Losing the future to Romney

President Barack Obama has debated Mitt Romney three times now and has yet to enunciate anything within hailing distance of a second-term agenda.

He wants to "win the future" - he just doesn't have a very clear idea about how to do it. His slogan is "forward," but his campaign is unmistakably backward-looking. His case for re-election has about as much to do with the last four years of the Bush administration as it does the next four years of the prospective second Obama administration.

All of his campaign's energy has been devoted to tearing down Romney. If a fraction of its effort had been spent on developing a few new proposals around which Obama could wrap a fresh-feeling policy platform, he wouldn't be forced to run such a remorselessly negative campaign.

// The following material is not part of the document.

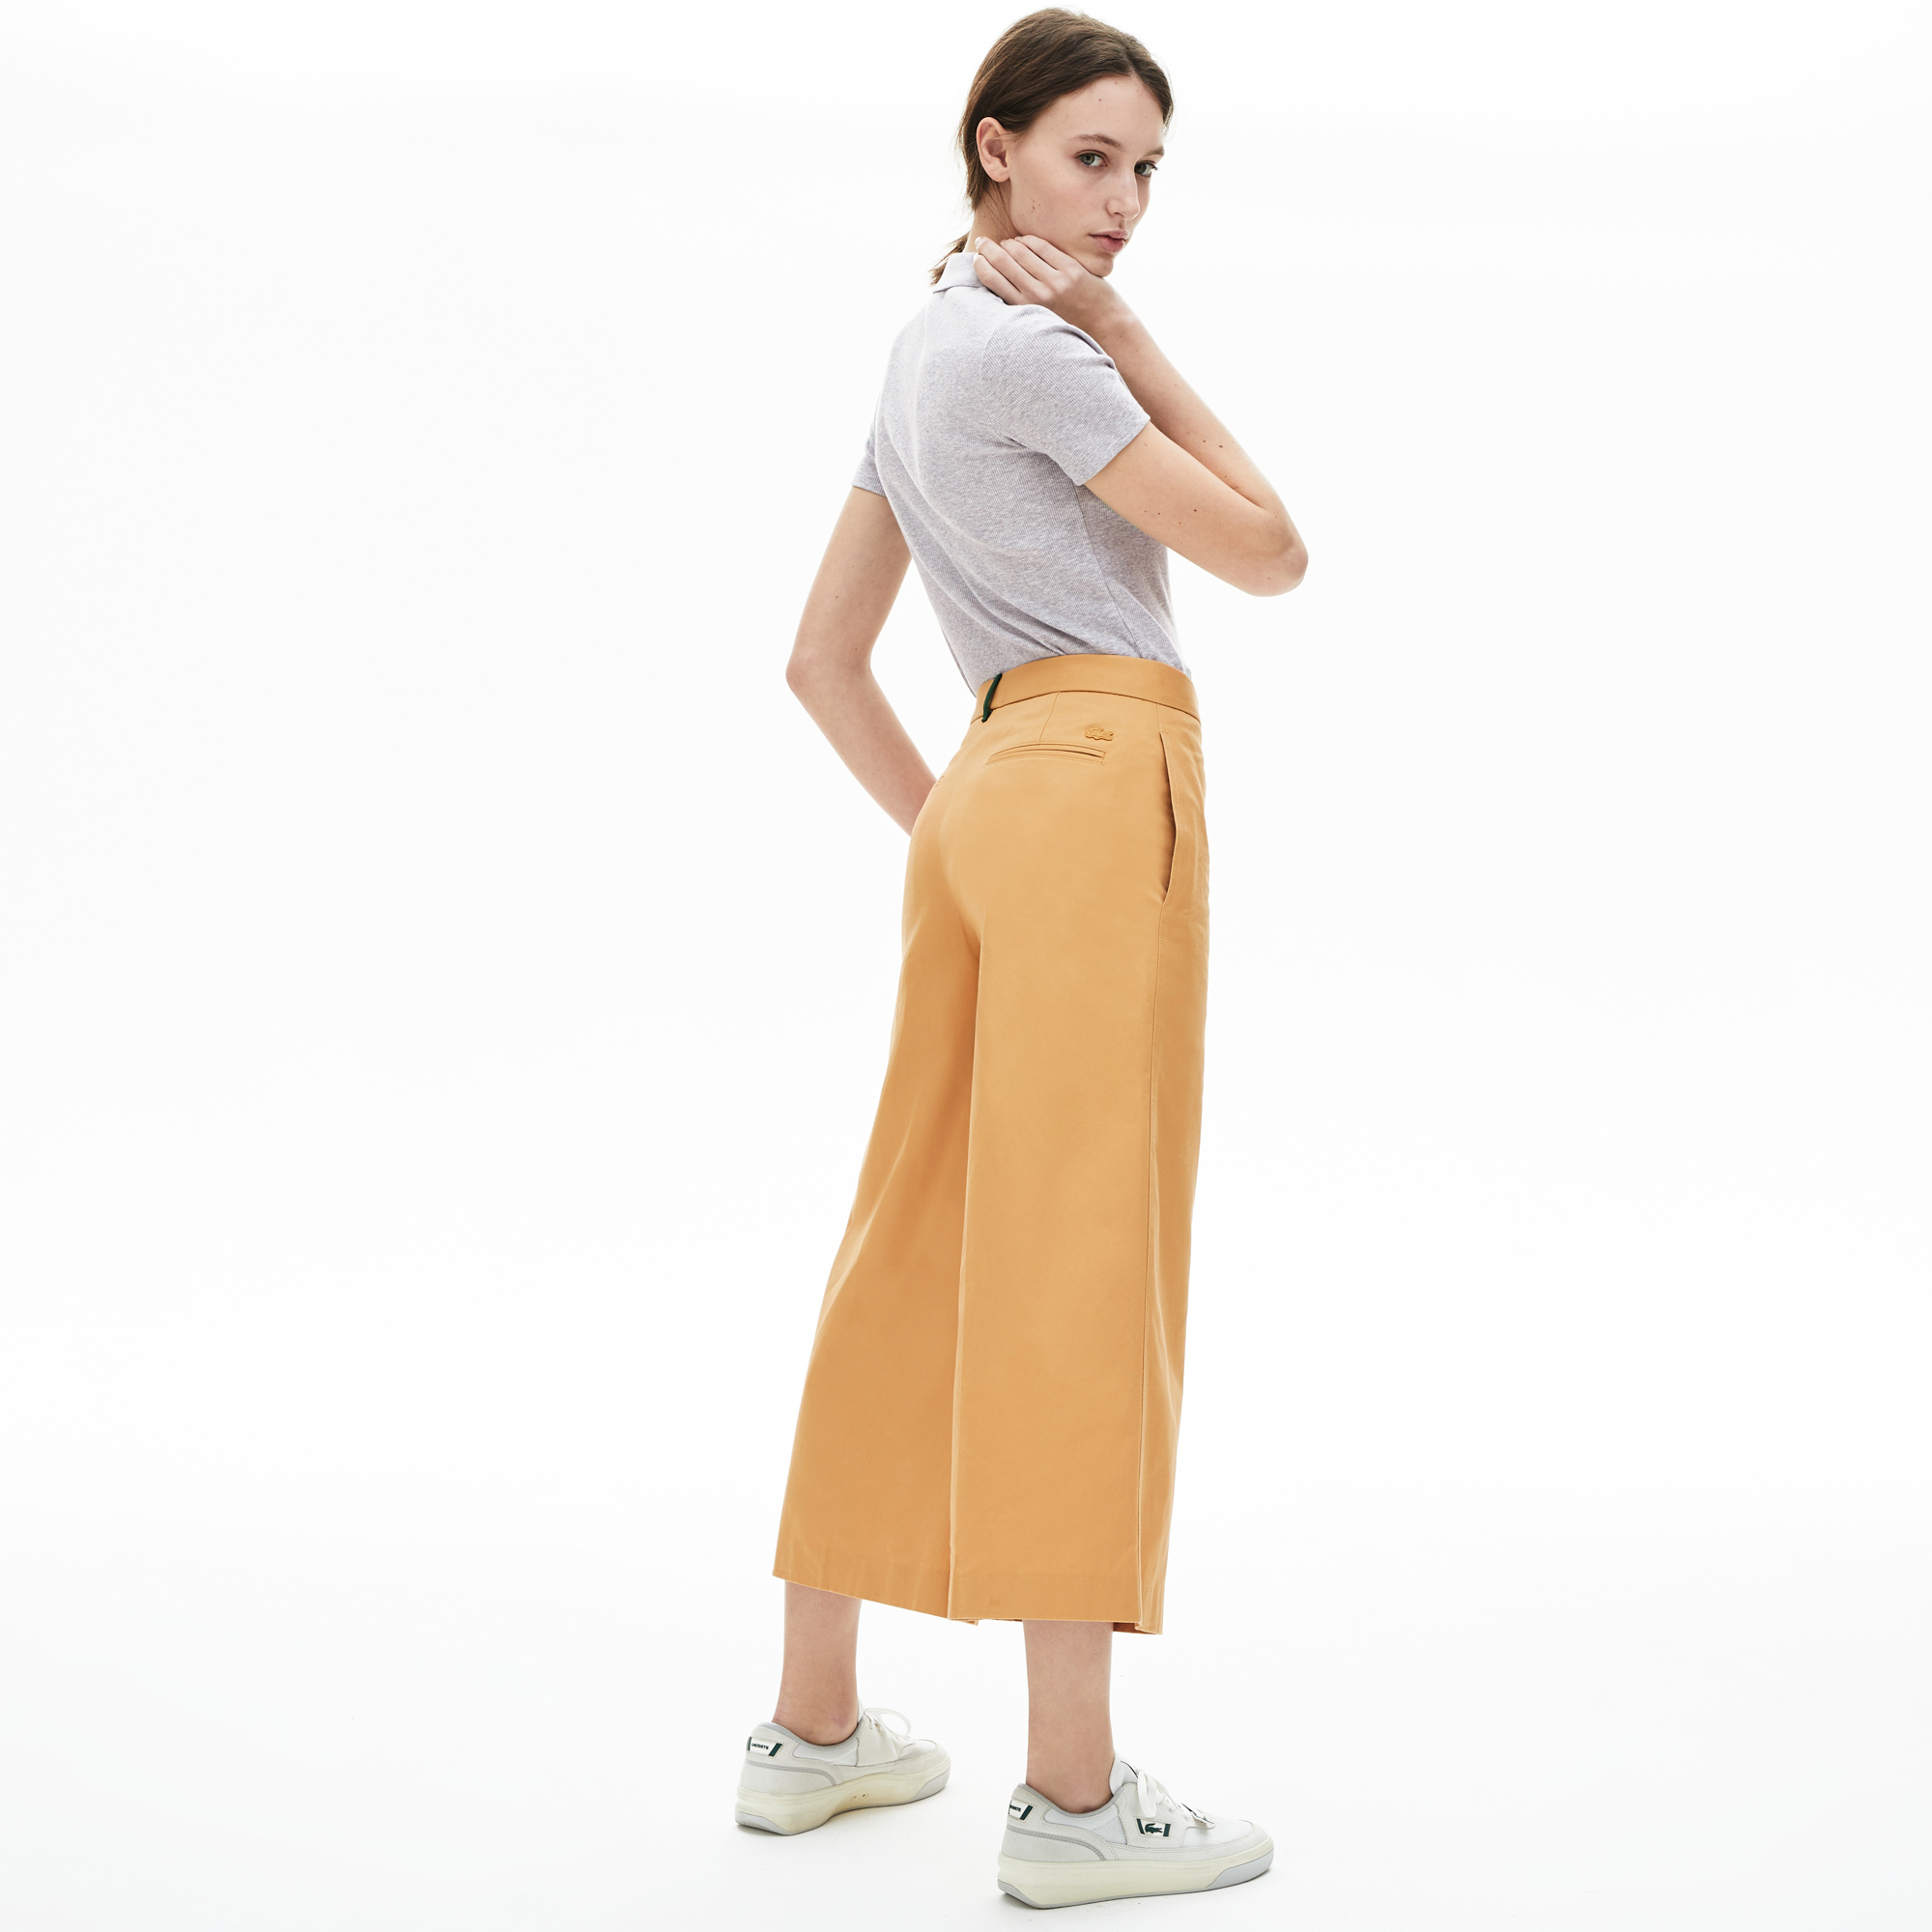 Lacoste Women's Ribbed Cotton Polo

The irony is that Obama aides always said that it would be a choice election. But they have been running as if the election were a referendum on the challenger. The only real choice that the Obama campaign has offered is one between believing Romney is a heartless, right-wing extremist and believing Romney is a soulless opportunist.

This has allowed Romney, pricelessly, free running to present himself as the man with the plan. His always-enumerated proposals (first it was 59, now it is five) have become such a trope that they are a joke. In its opening skit after the first debate, "Saturday Night Live" had the president musing to himself while Romney kept running through the endless checklist.

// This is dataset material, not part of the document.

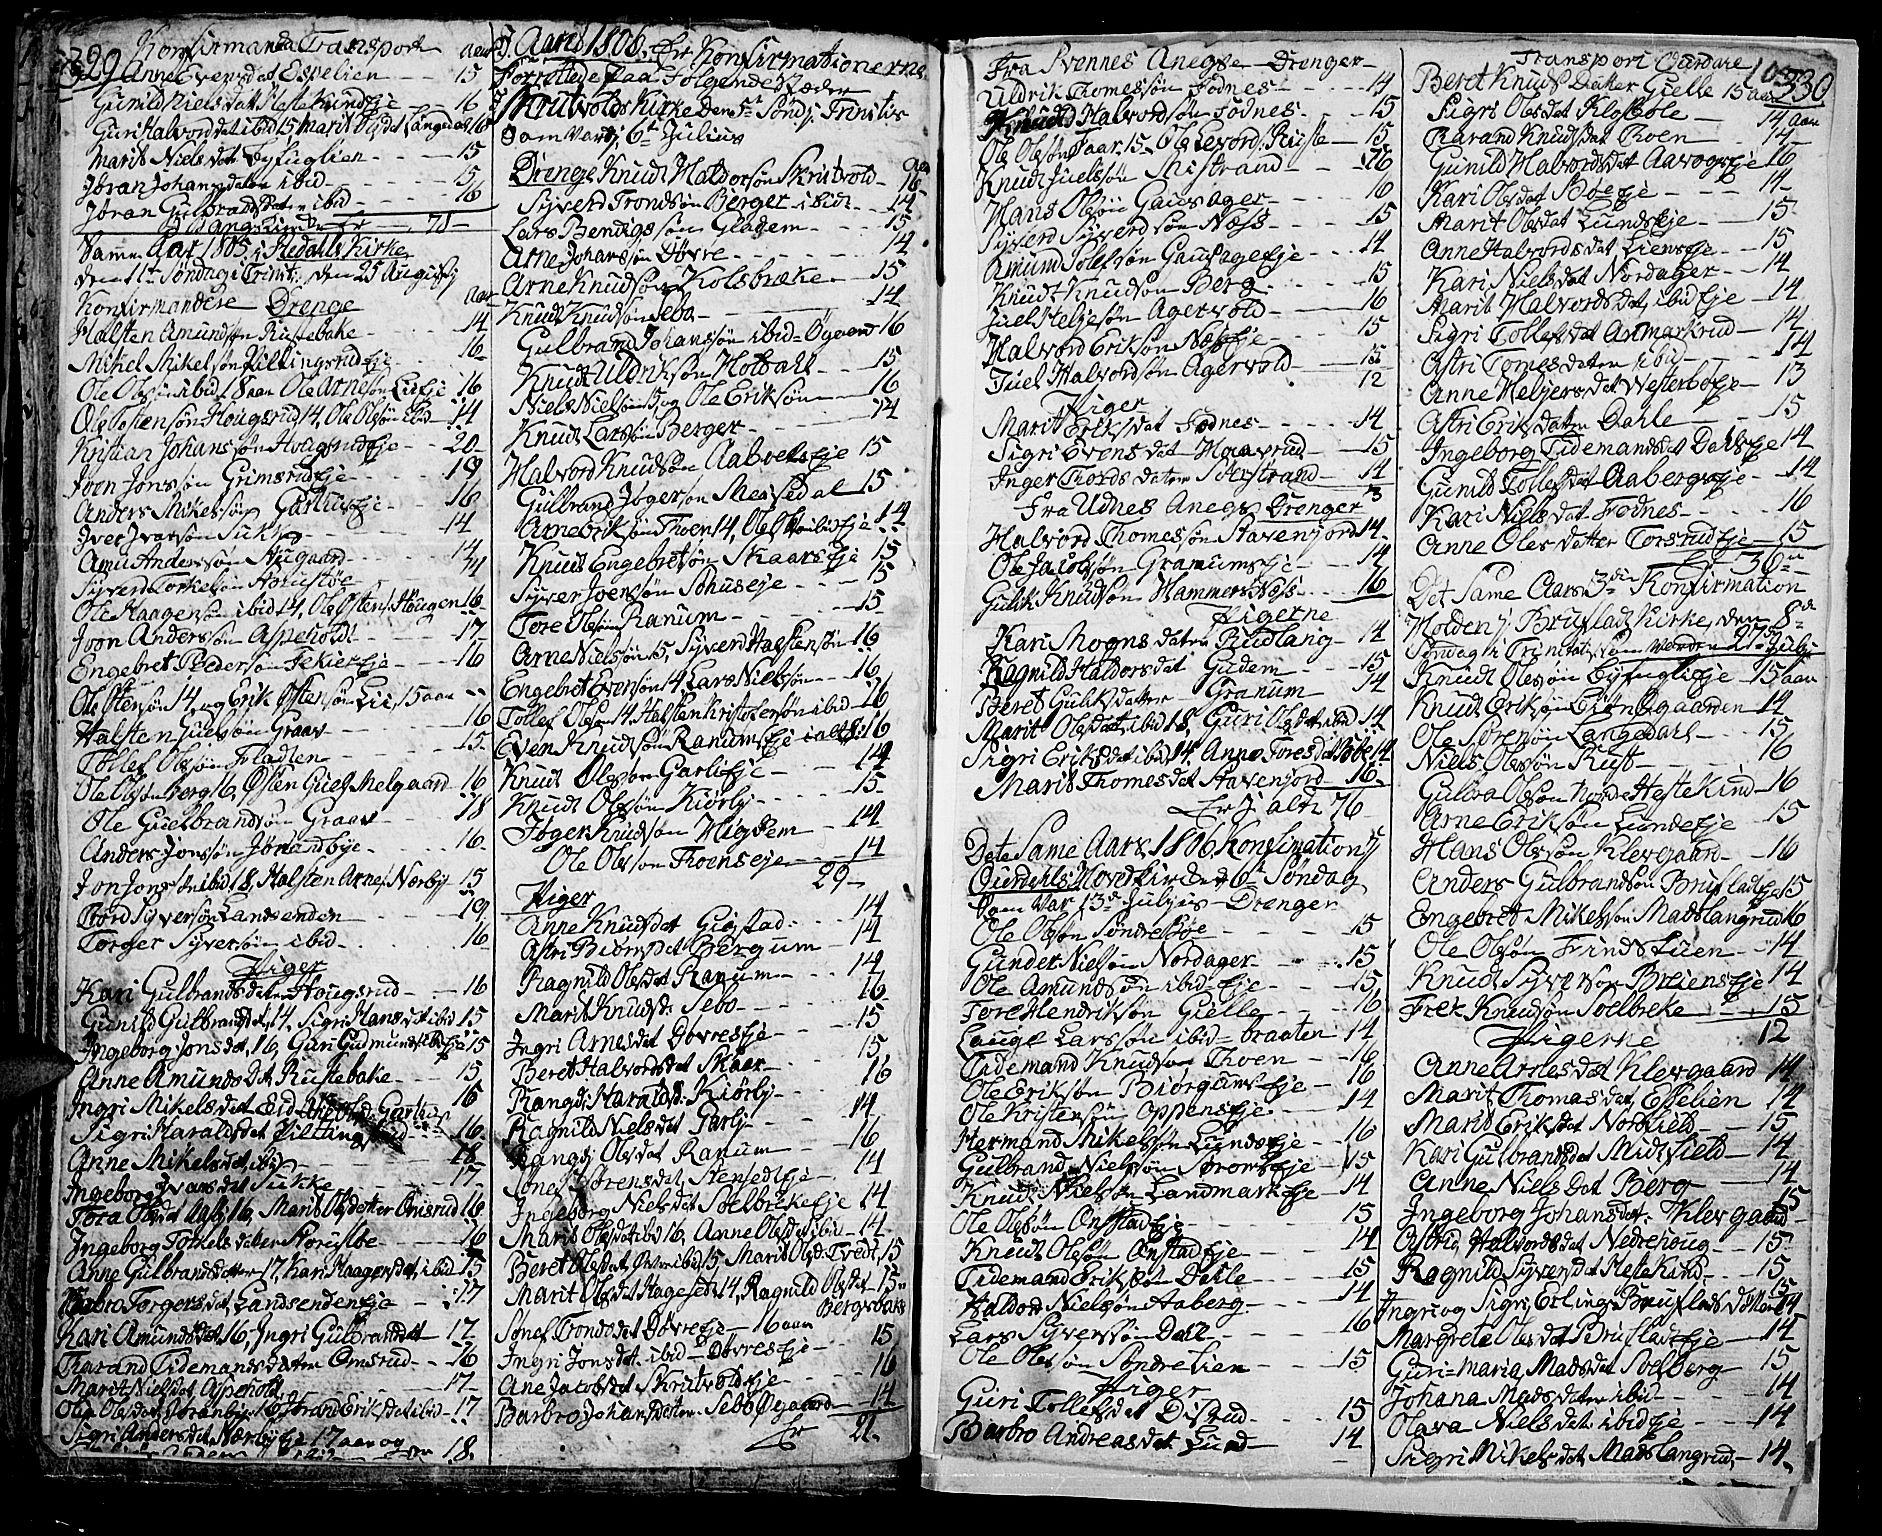 SAH, Aurdal prestekontor, Ministerialbok nr. 7, 1800-1808, s. 105

Even in Hempstead, N.Y., where Obama righted himself after Denver, he was largely litigating Romney's plan, which only reinforces that the former Massachusetts governor has one - in contrast to the president.

In an Oct. 15 memo to fellow Democrats from pollster Stan Greenberg and operative James Carville, they wrote of the first debate, in alarmed tones, "Romney got the opportunity to be heard as the voice of change." Reporting on dial-test results from the Denver and Biden-Ryan debates, they noted that "Obama won most support when he said what he would do to make the economy better in the years ahead, but both Romney and Ryan spent much more time on that future and sounded like they had a real plan to make the economy better."

A CNN instant poll had Obama winning the second debate, but still found that, by a 23 percent margin, people didn't think he had a clear plan for the future. Surely, this is part of the reason that Romney beat Obama by 58 percent to 40 percent on the economy in the CNN poll and by an astonishing 65-34 in a CBS instant poll.

The most powerful argument each candidate has against the other is that his agenda has been tried but failed. That is why Obama keeps linking Romney to President George W. Bush, and why it was so important that Romney finally got some distance from Bush at the Hempstead debate. For his part, Romney points to the past four years. Obama can't pivot to anything different - because he doesn't have anything different.

He has a tax increase that he has talked about for years and will raise about $80 billion a year in revenue at a time of $1 trillion deficits. He has a $4 trillion deficit-reduction plan that is one of history's great accounting tricks. As for the rest, it's more of the same: more green-energy subsidies, more education spending, more infrastructure.

Obama is the candidate of the status quo in a wrong-track country.

He hasn't taken his opponent or the public seriously enough. He has allowed his campaign to be driven by his barely concealed personal contempt for Romney, and has assumed that what voters most need to hear from him is fusillades against the other guy.

It can't be pleasant for Romney to be at the receiving end, but the president has inadvertently handed him an incalculable gift: He has ceded him the future.